Potential role of HOXD9 in synoviocyte proliferation.

Abstract

To investigate the role of HOXD9 in the proliferation activity of cultured synoviocytes as well as the mechanisms that regulate HOXD9 transcription. Synoviocytes from patients with rheumatoid arthritis (RA) and osteoarthritis (OA) were transfected with HOXD9 complementary DNA to establish stable transformants that overexpressed HOXD9. HOXD9 expression was detected by Western blotting with anti-HOXD9 antibody. The growth properties of the transformants were investigated by proliferation and colony formation assays. The expression of basic fibroblast growth factor (bFGF), tumor necrosis factor alpha (TNFalpha), interleukin-1beta, c-Fos, and c-Myc was examined by Western blotting. Transcriptional regulation of HOXD9 was examined by transient cotransfection. HOXD9 protein was highly expressed in RA synoviocytes, but there was no expression in OA synoviocytes. HOXD9 transfection induced stable HOXD9 protein expression in synoviocytes and showed an increased proliferation rate under both normal and serum-starved conditions, as well as an enhanced capacity to proliferate anchorage independently to form colonies in soft agar cultures, compared with control transfectants. Higher levels of bFGF and c-Fos were detected in HOXD9 transformants than in controls. Transient cotransfection assays of NIH3T3 fibroblasts and synoviocytes showed that HOXD9 activated the luciferase reporter construct containing the highly conserved region (HCR), an autoregulatory element of HOXD9 promoter. This activation was significantly increased by bFGF, suppressed by TNFalpha, and unchanged by transforming growth factor beta in synoviocytes.
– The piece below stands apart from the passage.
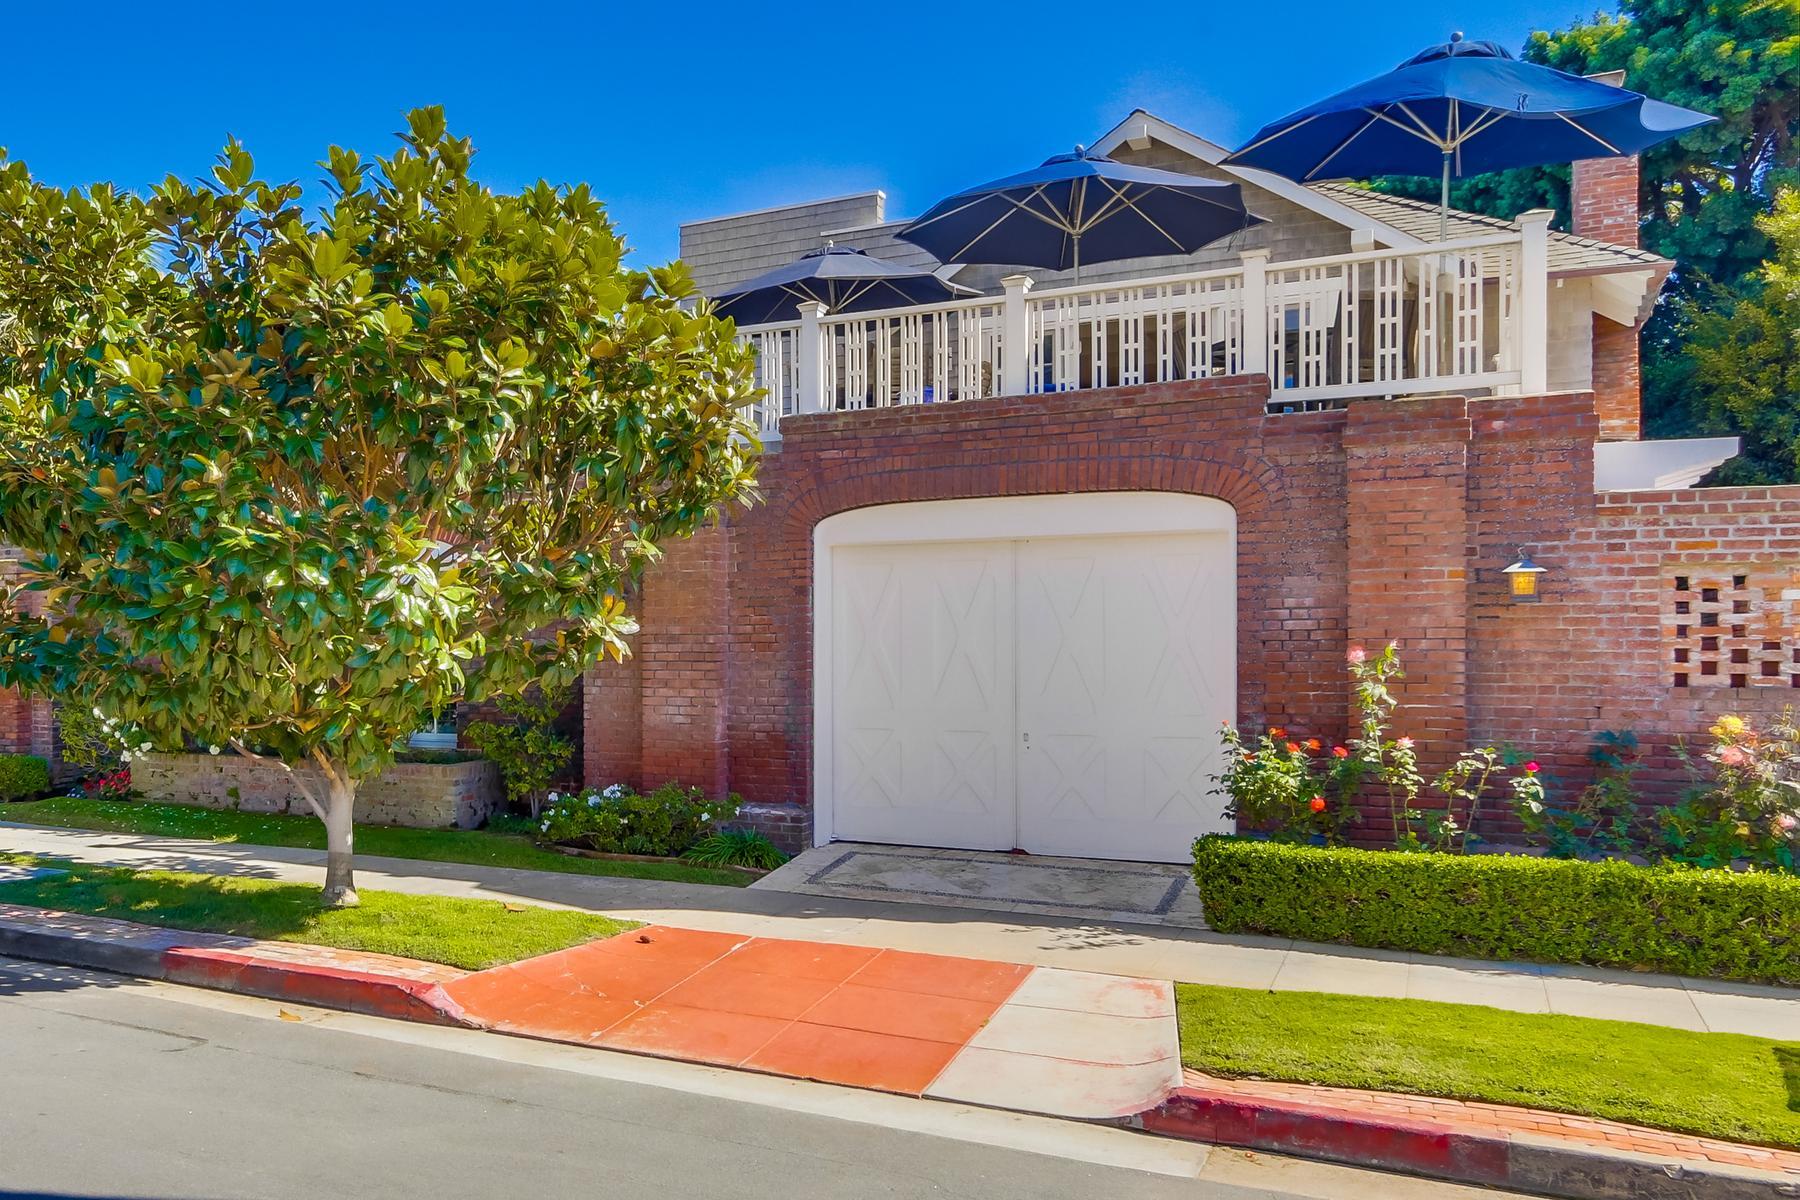 Single Family Home for Sale at 1030 Loma Avenue Coronado, California 92118 United States

Human T lymphotropic virus type I tax also activated the luciferase reporter construct containing the HCR and had a synergistic effect with HOXD9 on HCR promoter activation. Our data suggest that HOXD9 plays a potential role in synovial proliferation. In addition, they suggest that the involvement of HOXD9 in the regulation of cellular growth might be mediated, at least in part, by up-regulation of growth-related factors such as bFGF and c-Fos and/or might result from increased transcription activity by its regulators.